We don’t drink soda or juice, so (some of) my kids and my husband are pretty thrilled to have a soda-juice-like alternative.  #momwin In all transparency, I should disclose that kombucha is approved by only two out of three Henderson children.  We’re still working on Middle Bro…

What Exactly Is Kombucha?

Kombucha is a super healthy fermented drink made from tea (usually black), sugar, and a SCOBY.

Tea & Caffeine

>>>We started out with these organic black tea bags and eventually switched to my current favorite, a mix of green and black organic loose leaf tea.

It’s generally best to make from black tea, although certain green teas are a possibility.  If you’re worried about the caffeine content (as I was), you’ll be happy to know that properly brewed kombucha contains just 1/3 the amount of caffeine of the tea used to make it.

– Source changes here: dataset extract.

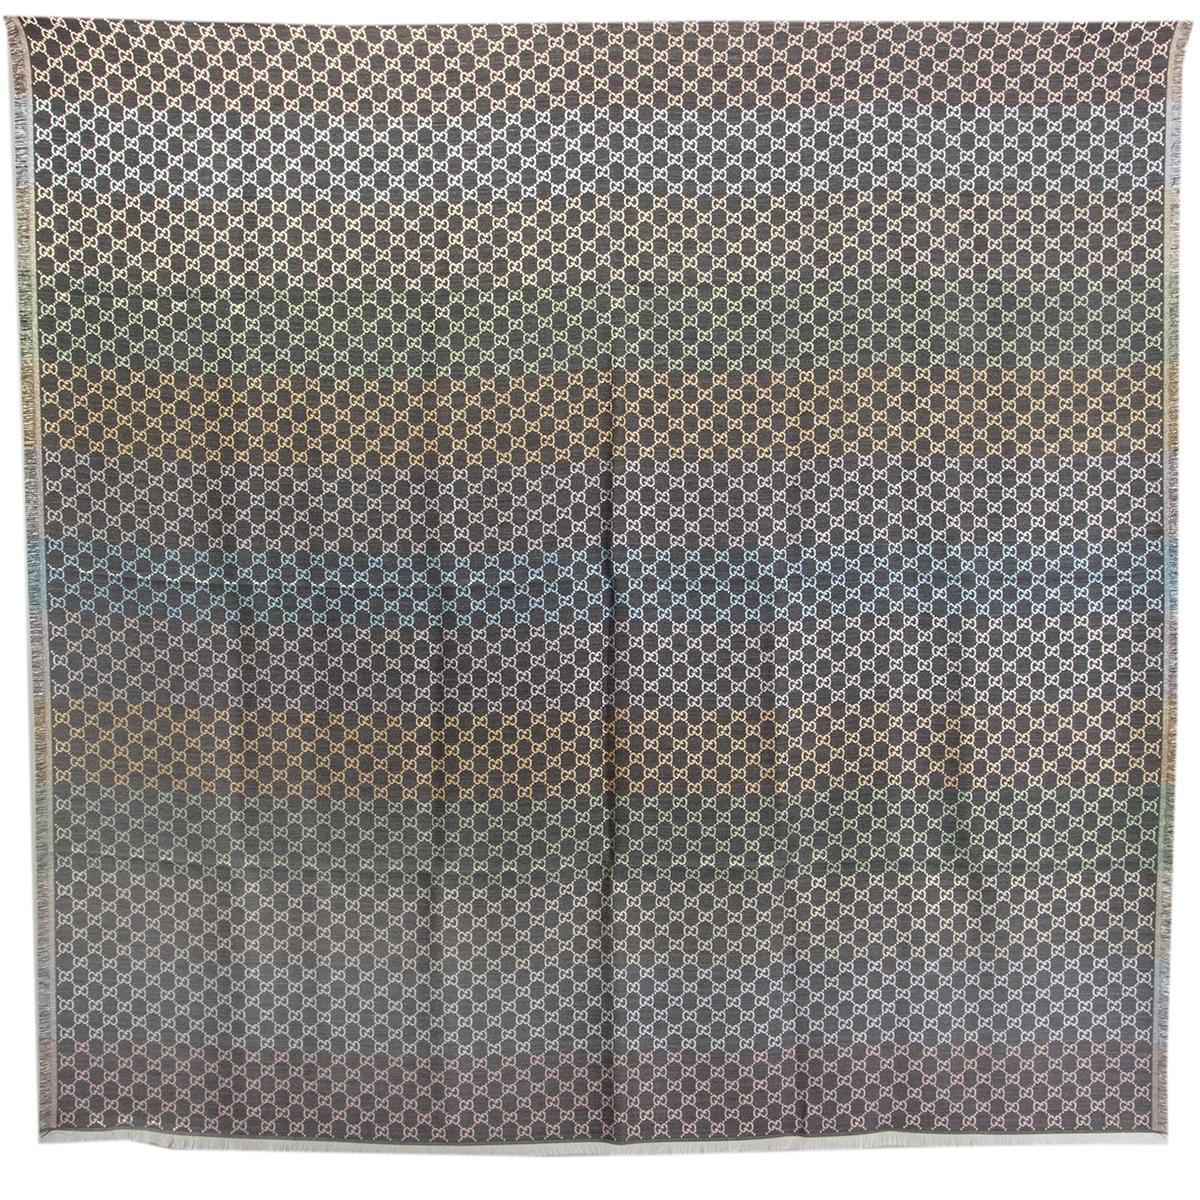 100% authentic Gucci GG Monogram shawl crafted using a jacquard technique and featuring the GG pattern in pastel rainbow grey, light blue, light pink, yellow, light green, champagne and silver 31% viscose 28% cotton 23% wool 10% silk 8% metallic

Here’s the scoop from the experts over at Kombucha Kamp:

Kombucha is generally considered to have about ⅓ the amount of caffeine as the tea it is made with, so for example black tea, which might have 30-80mg of caffeine per cup may yield a glass of Kombucha with 10-25mg of caffeine. Green tea Kombucha might have just 2-3mg of caffeine.

For ways to decrease the caffeine content even more, check out the tips here.

You might also like to know that I’m very sensitive to caffeine.  I don’t drink coffee at all for this reason.  Have you tried this herbal coffee substitute?  It’s my favorite!  I drink it every day.

In fact, if I drink regular coffee any time after 12 noon, I will have trouble sleeping that night.  Caffeine also really messes with my thyroid.  However, I’ve been drinking kombucha made from black tea every day for about a year with no problems.

Want to see one of my typical breakfasts?  Here it is: plantain breakfast cake with cooked blueberries, plus my coffee substitute and a delicious glass of homemade kombucha.  Yum!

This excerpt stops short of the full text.